My son Stew Jr. delivered a bit of news at his college graduation that almost broke my heart: He had been recruited by Price Waterhouse, the big accounting firm, and decided to work for them instead of joining the family business.

Despite our disappointment, my wife Marianne and I felt he had earned the graduation present we had chosen for him: a round-the-world tour. It was 1977, and at $2,500 just for the airline ticket alone, it was an expensive gift. But it turned out to be a wonderful investment.

On one of the flights, from Katmandu to Cairo, Stew sat next to an Indian businessman. The fellow proudly told Stew all about his family business, one that went back several generations. When Stew told him that he had chosen not to follow in my footsteps, the fellow was convinced that Stew was making a mistake.

Stew began to have second thoughts, and later that day he called us from Cairo to tell us that he had told Price Waterhouse he had changed his mind. He was going to make a career of the family business instead.

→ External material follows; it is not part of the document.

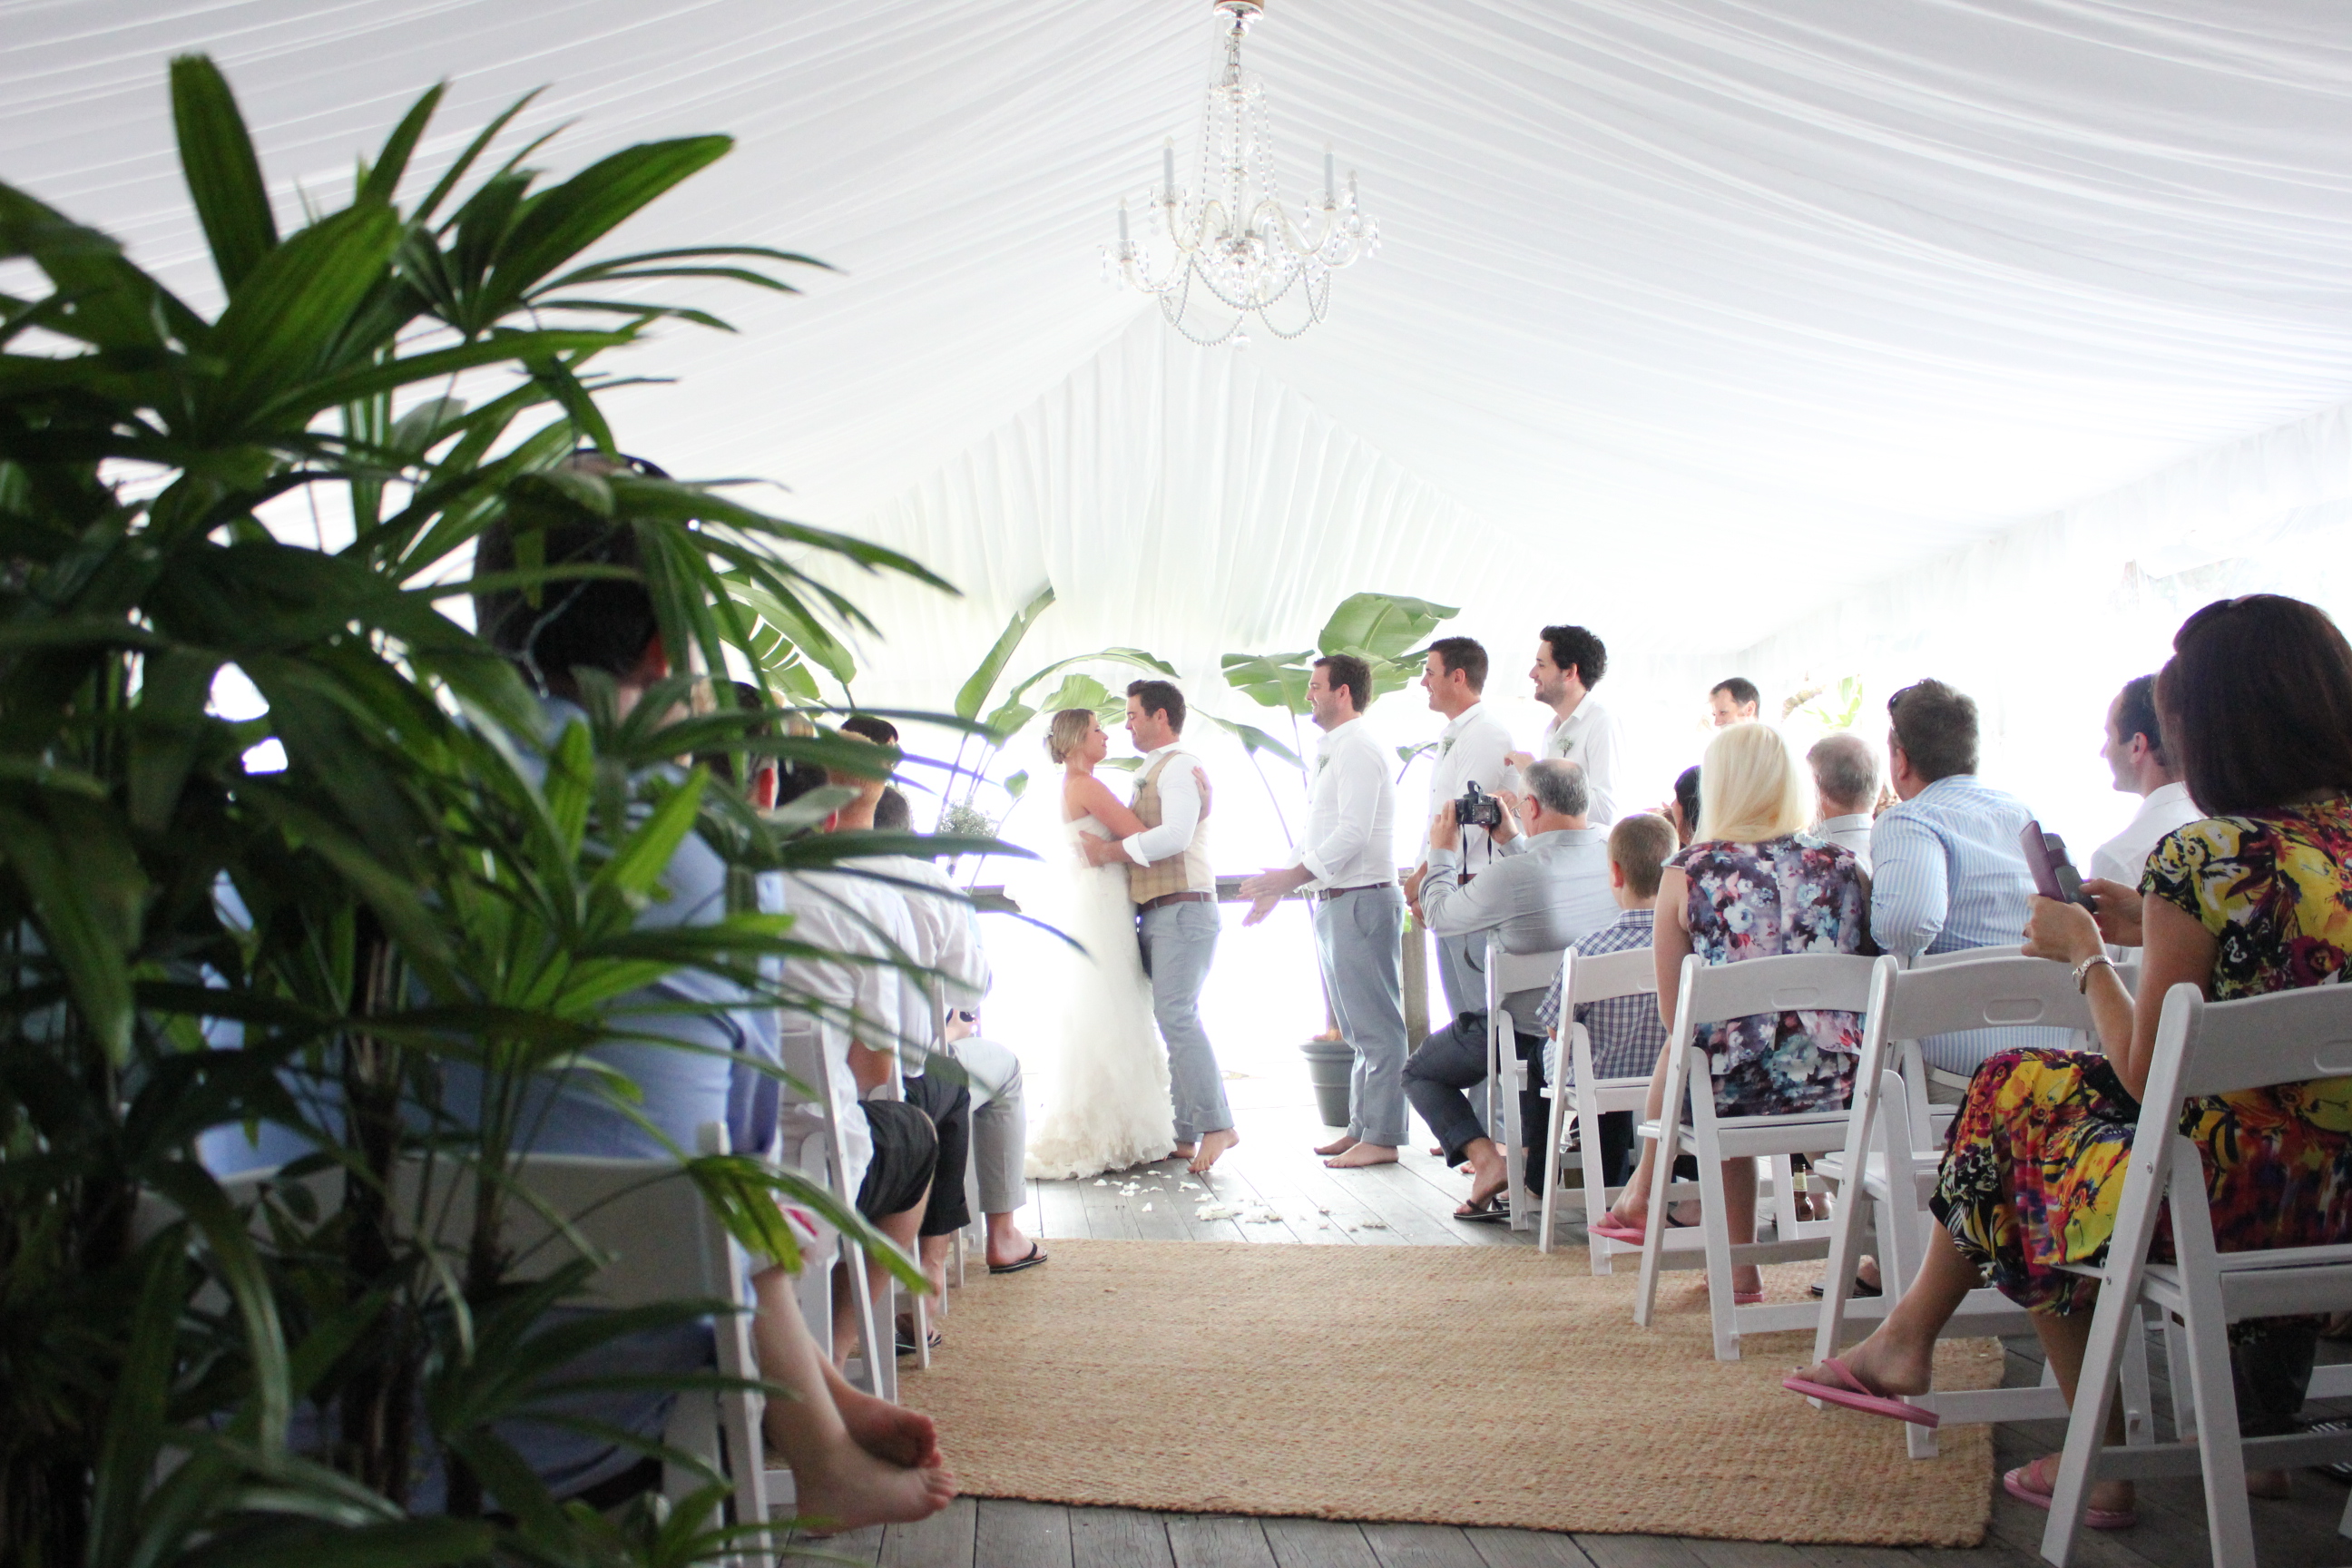 Byron Bay Surf Club Wedding Ceremony With Celebrant Jamie Eastgate

In the early years of building our business, Marianne and I hoped that our children — Stew, Tom, Beth and Jill — would someday choose to work at our store and we knew that would be more likely if it was fun for them. So every night when I came home for dinner, I told them exciting stories of the events of the day. Even if things hadn’t been great that day, I made it sound like fun: The chickens getting loose on Route 1, a huge display of cereal boxes falling like dominoes, the new baby calf we had just added to our little farm, the children’s friends I’d seen in the store that day. Each night they waited to hear my stories, the excitement, and the news.

Luckily, the strategy worked. In addition to Stew Jr. joining our business and eventually becoming our chief executive, Tom built our operation in Danbury, Connecticut, Beth brought her love of French culture and food to focus on baking, eventually starting the largest in-store scratch bakery in the country, and Jill, the youngest but always determined to have a place in our business, set her sights on shaping and developing our team.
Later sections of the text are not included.